La expansión de la población estudiantil superior no presenta, entonces, una mera característica cuantitativa, sino un cambio significativo en la estructura social; una forma que ha tomado el proceso de modernización y que altera cualitativamente a la sociedad. Nuevos sectores jóvenes, bajo condiciones diferentes y que subjetivizan y procesan las estructuras y relaciones sociales desde esas condiciones nuevas.

Con relación a ello, no se trata solo que muchos de ellos no lograron terminar o que están endeudados (antes de que operase la gratuidad) cuestiones que por supuesto son importantes. Si no, también, que para muchos de ellos, la mayoría, la sociedad en que están viviendo no tiene las capacidades integradoras, auxiliares o complementarias a la mayor educación/formación, que estén a la altura de ese esfuerzo detrás de los estudios realizados o en realización.

La afirmación que hago, es que la sociedad sigue siendo con dosis altas de clasismo, segregación, discriminación y poderes cerrados que limitan, que ponen vallas, a la recepción de estos nuevos grupos configurados. Las redes, las relaciones, presentan fronteras y establecen límites, según ingresos, espacios, apellidos, familias.

Así, la democratización parcial y potencial de una ES más poblada de personas, de territorios, de familias, de orígenes más populares choca con un sistema socio-económico y cultural que reproduce desigualdades estructurales de origen y no acoge nuevos grupos constituidos desde una mayor educación. Esa experimentación de la brecha entre realidad y deseo; esa conciencia del tope al reconocimiento social, esa invitación permanente a la sumisión al más poderoso, explica, también en este grupo más educado la identificación con el “baile de los que sobran” . A ello se agrega una estructura productiva y de trabajos/empleos extremadamente poco diversificada que lleva décadas abusando de los bienes naturales y generando trabajos precarios con salarios bajos.

Jóvenes (y familias) que quizás creyeron que tocaban el cielo con más educación; pero ese cielo se mostró a ras de sus propias cabezas y que más que vivir en una sociedad de los méritos están en otra de la desigualdad. Y quizás experimentando que enfrentar esa desigualdad no es cosa de individuos hábiles en el mercado o de adaptación frente a los poderes cotidianos, sino de una lucha un poco más colectiva que piense e imagine la sociedad desde otros valores.

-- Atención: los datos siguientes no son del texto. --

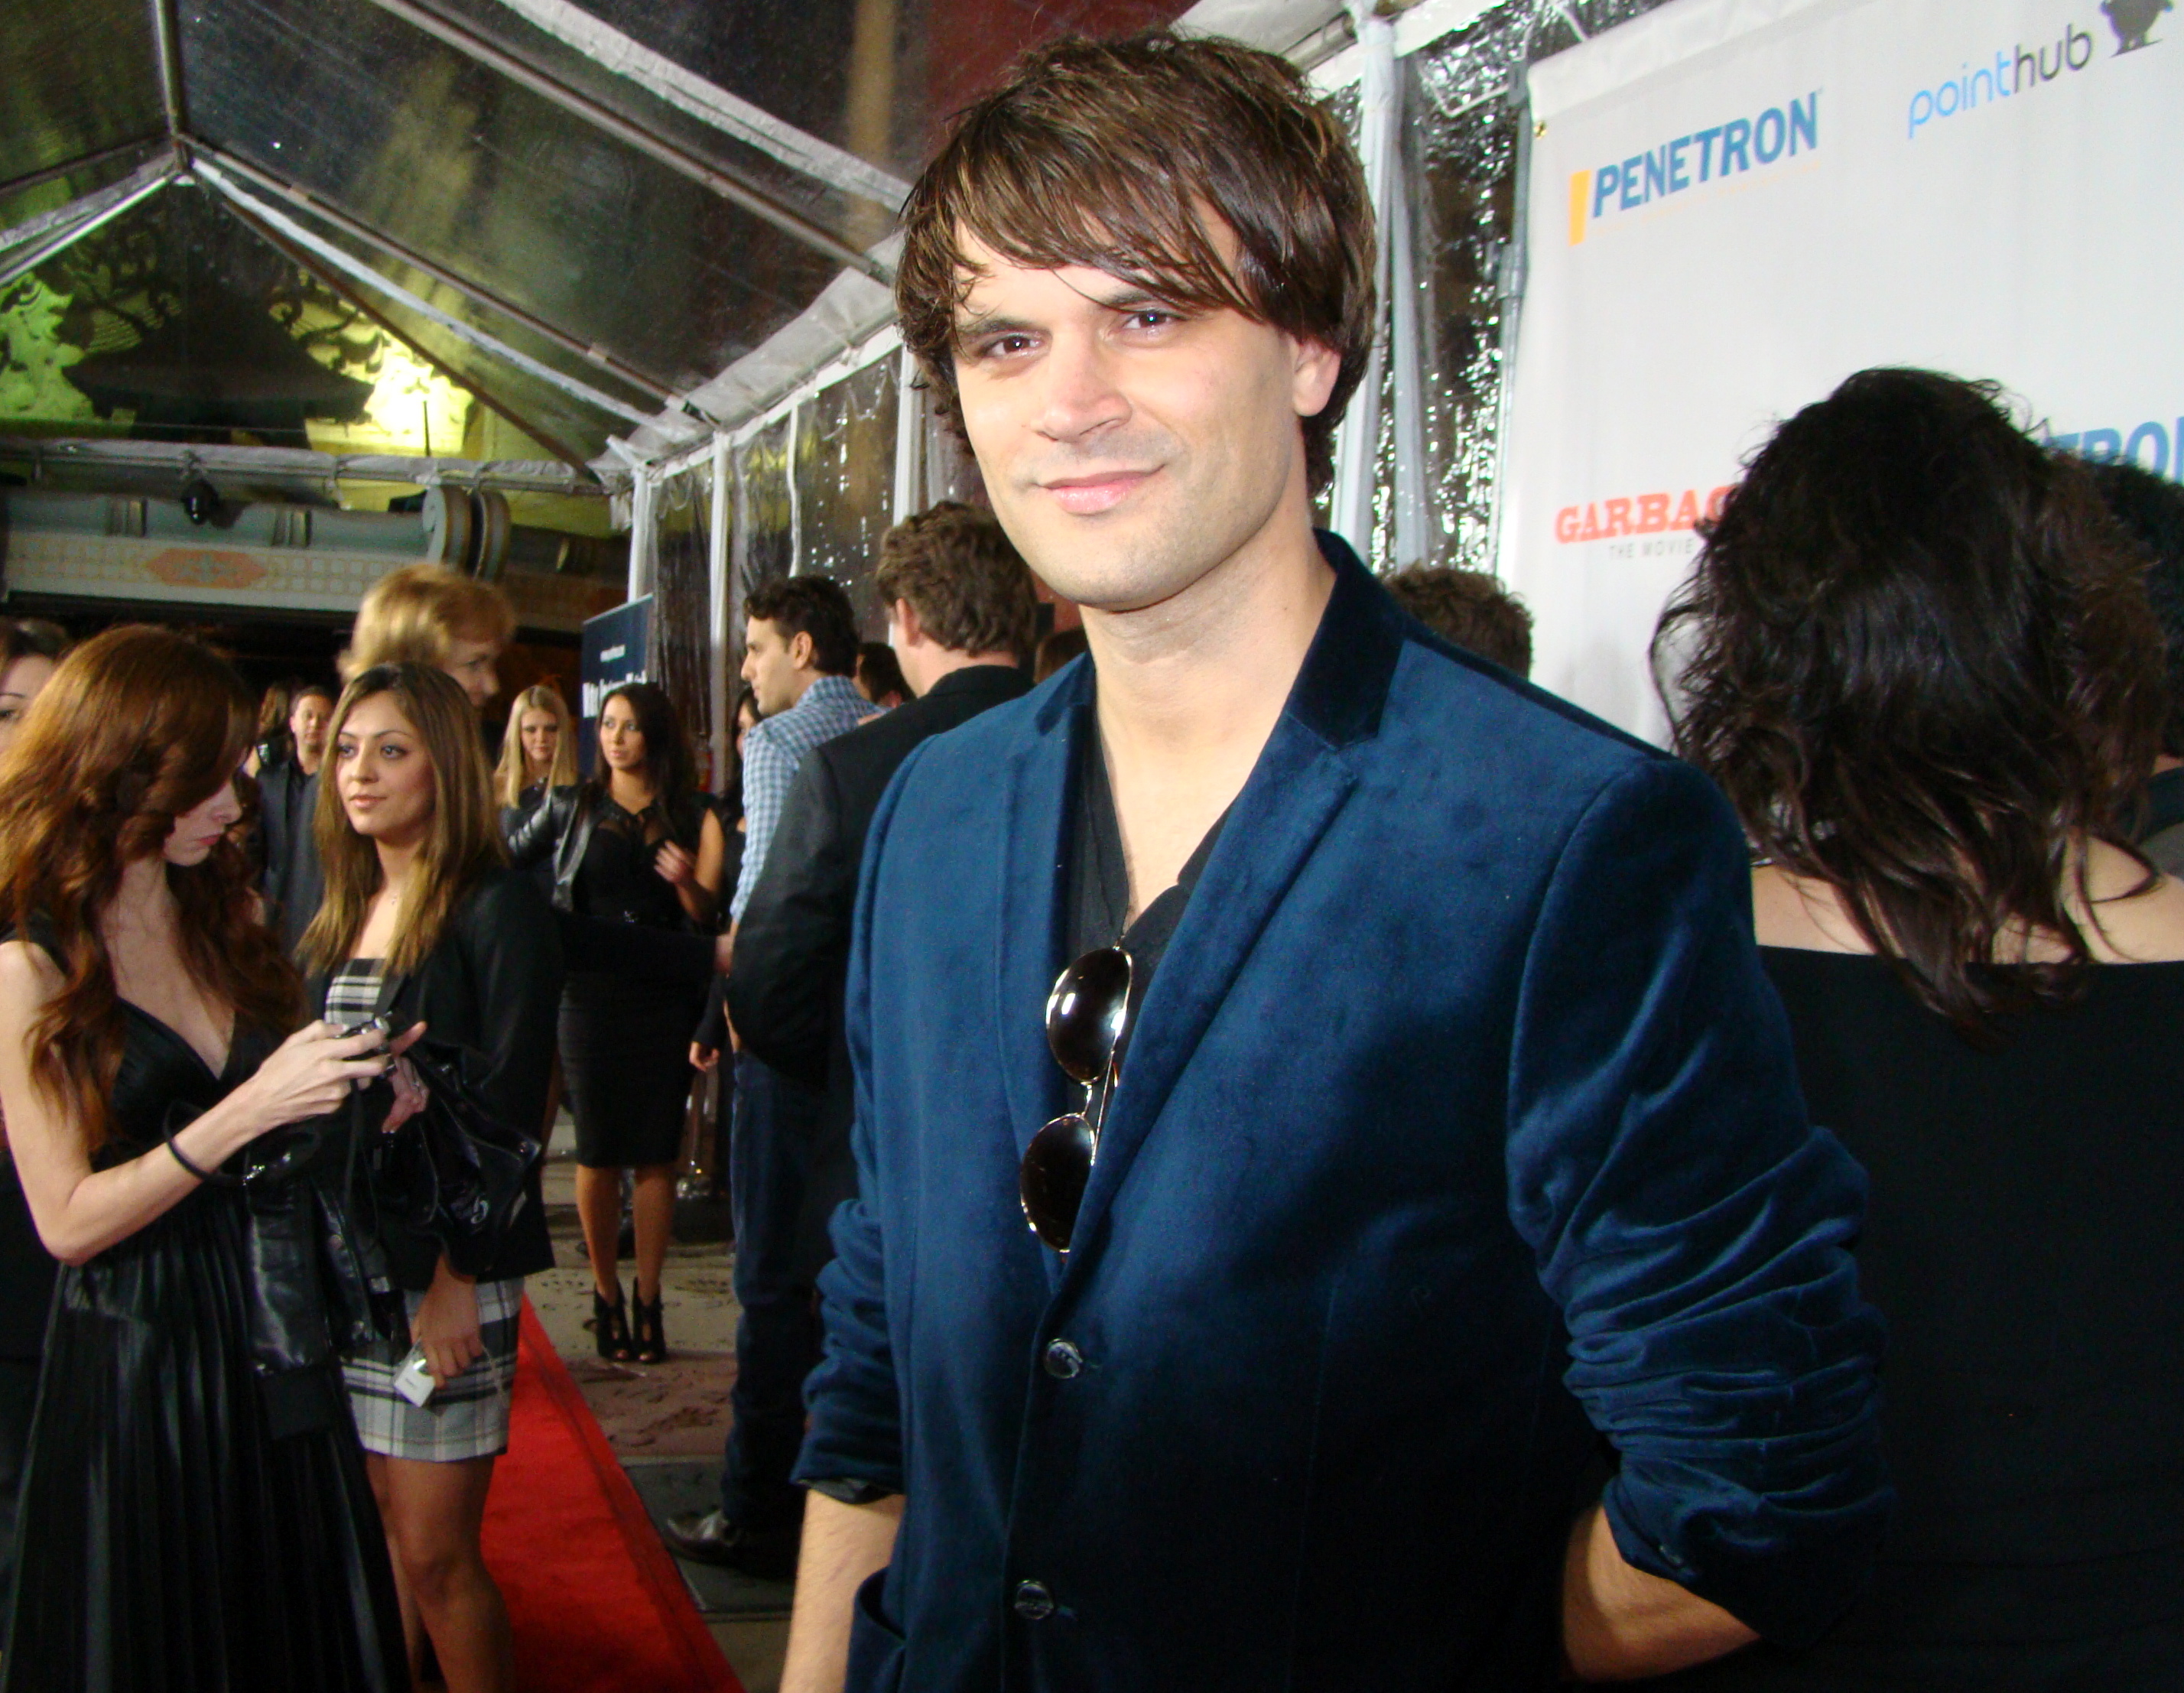 Kash Hovey at the event of Garbage Premiere at the Chinese Theater.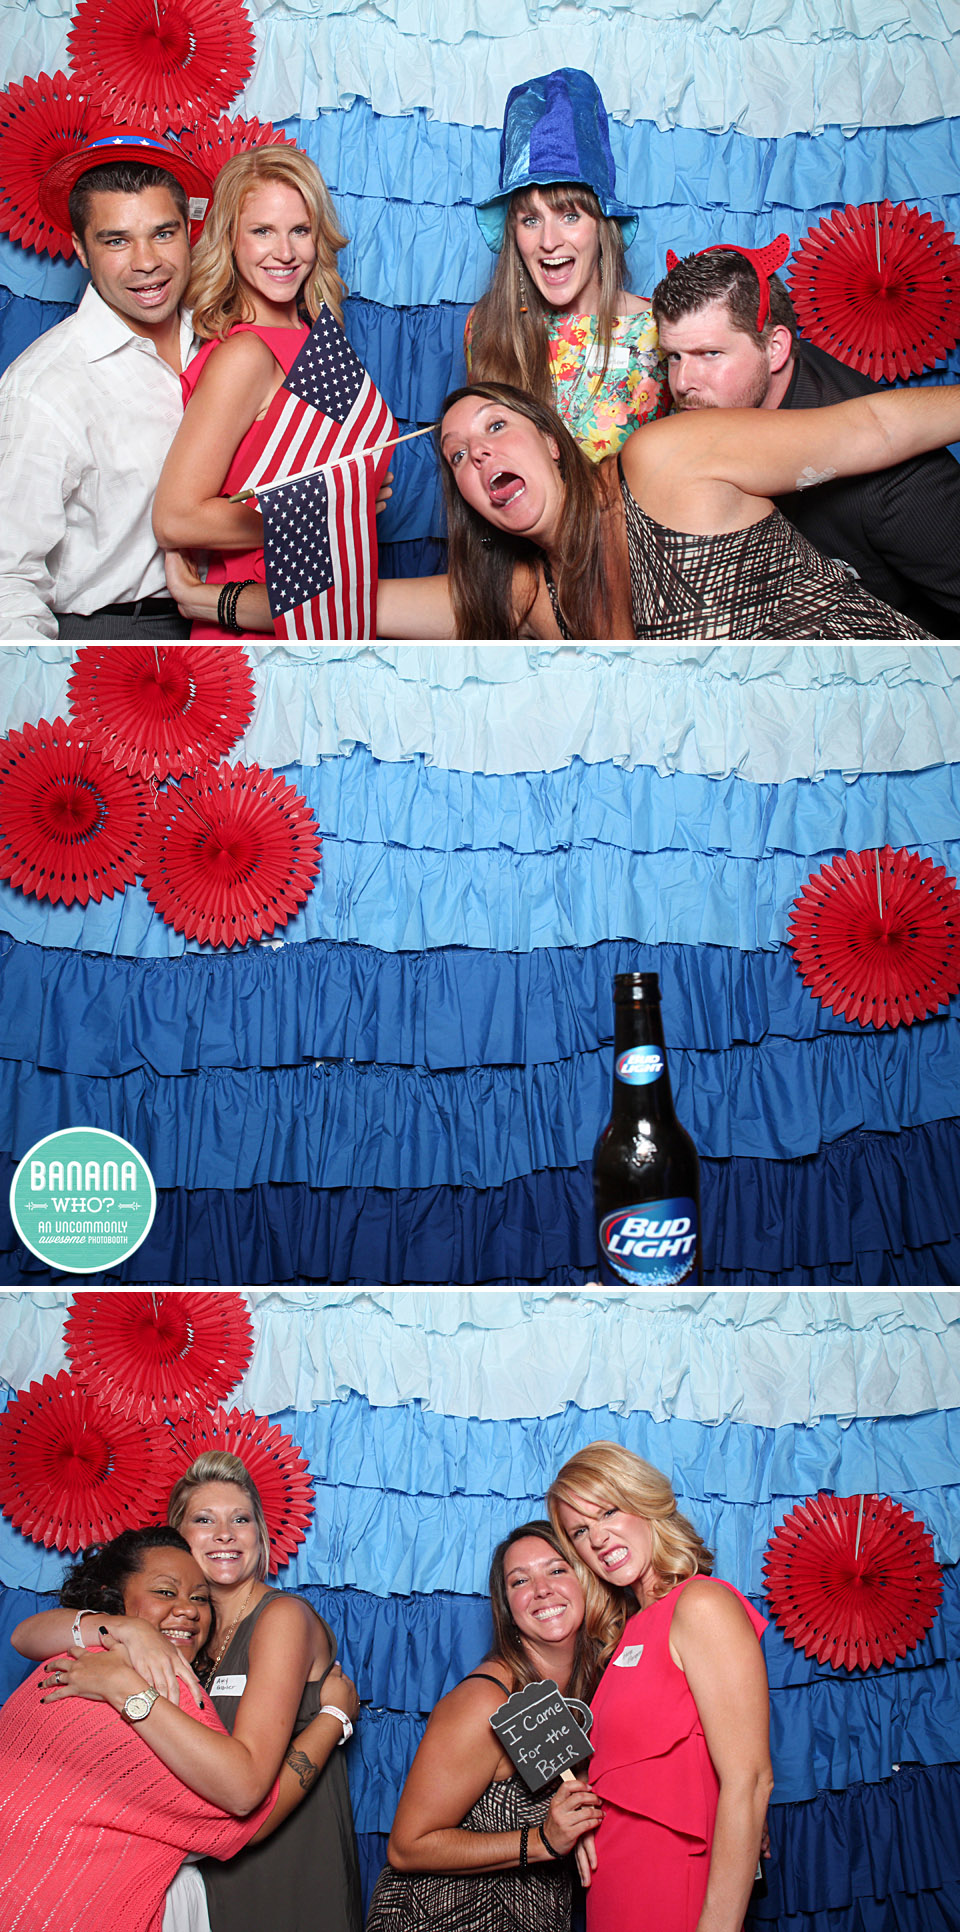 Independence, Hand Sewn Backdrops, Photobooths in the Midwest, Weddings, Reception ideas

Me parece que esto ha sido un “actor” y componente clave del estallido en Chile y lo será de la historia y desenlace del futuro próximo. Por supuesto, no es lo único. Pero de allí viene parte de la rabia que estaba acumulada; del descontento y el malestar que se habían incubado. También de la desconfianza alta a las promesas institucionales.

Raúl González Meyer es académico de la Universidad Academia de Humanismo Cristiano. Economista y Doctor en Ciencias Sociales.